A molecular modeling study of binary blend compatibility of polyamide 6 and poly(vinyl acetate) with different degrees of hydrolysis: An atomistic and mesoscopic approach

The binary blend compatibility of polyamide 6 (PA6) with poly(vinyl alcohol) (PVOH), poly(vinyl acetate) (PVAC), and partially hydrolyzed PVAC was studied for a wide range of compositions, by atomistic and mesoscopic modeling. The Flory-Huggins interaction parameter chi, calculated for these mixtures by atomistic modeling, showed that favorable interactions develop for PVAC with a low hydrolysis degree for a specific composition and also for compositions rich in either component. The effect of the PVAC hydrolysis degree on the mixture compatibility was explained in terms of the reduced ability of the acetylated chains to form hydrogen bonds, which in turn, may result in weaker intramolecular interactions. Such an effect may also be due to the more extended conformations assumed by these chains because of the bulky side groups. Calculations at high temperature gave small negative chi parameters, in good agreement with results reported by others. The chi and other structure-dependent parameters, derived from the atomistic level, were supplied to coarse-grained (mesoscopic) simulations. The length and time scales spanned by these simulations were relevant to real application scales. The kinetics of phase separation were examined via the structure factor and the growth rate of the domain size. Larger domain sizes were observed for the less hydrolyzed mixtures due to smaller chi parameters which implied higher temperature simulations for these mixtures. The exponent of the domain growth for the symmetric 1/1 and asymmetric 2/1 mixtures was found in the range 0.2-0.28 irrespective of time step. At equilibrium, the degree of order of the phases formed was extracted.
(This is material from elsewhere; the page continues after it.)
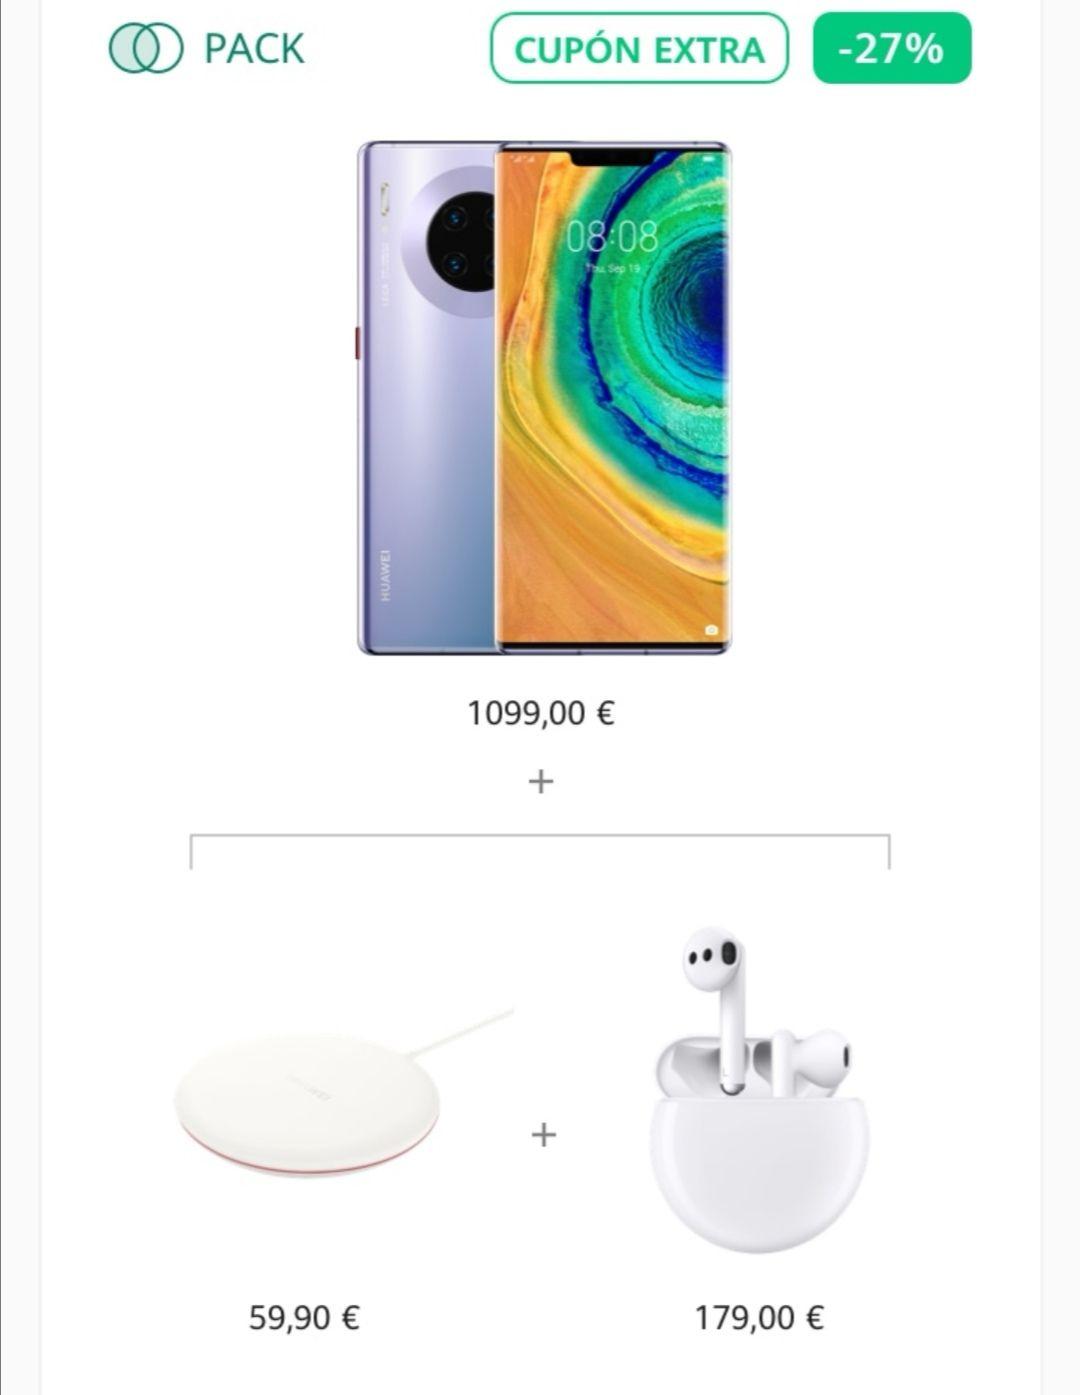 Huawei Mate 30 pro + regalo de Freebuds 3 + cargador inalambrico
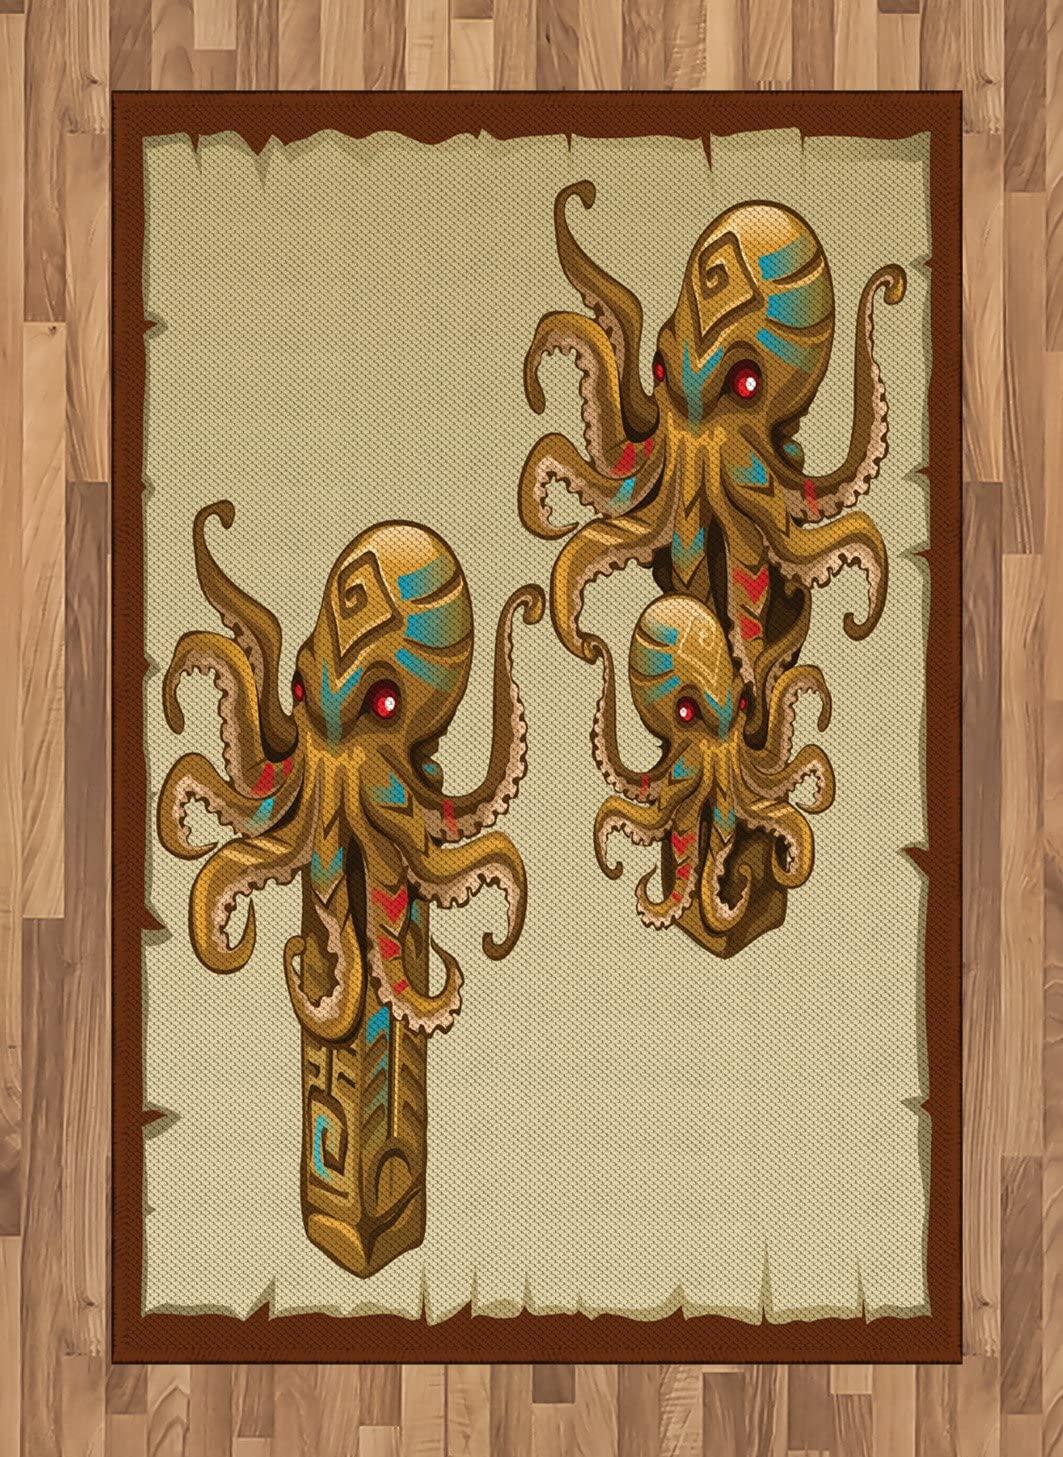 Ambesonne Octopus Area Rug, Cartoon Art Tribal Monster Kraken Sculpture Ornament Illustrations Sea Creature Print, Flat Woven Accent Rug for Living Room Bedroom Dining Room, 4 X 5.7 FT, Brown

This was found to decrease as the hydrolysis degree of PVAC decreased for aspecific composition, indicating improved compatibility, in line with internal experimental findings and with results reported in the literature. The incompatible mixtures showed macrophase separation with a wide density spectrum. Compatibility was obtained for all PVAC/PA6 mixtures and also for the mixture of PVAC with 75% degree of hydrolysis for the composition 1/3 v/v, rich in PA6.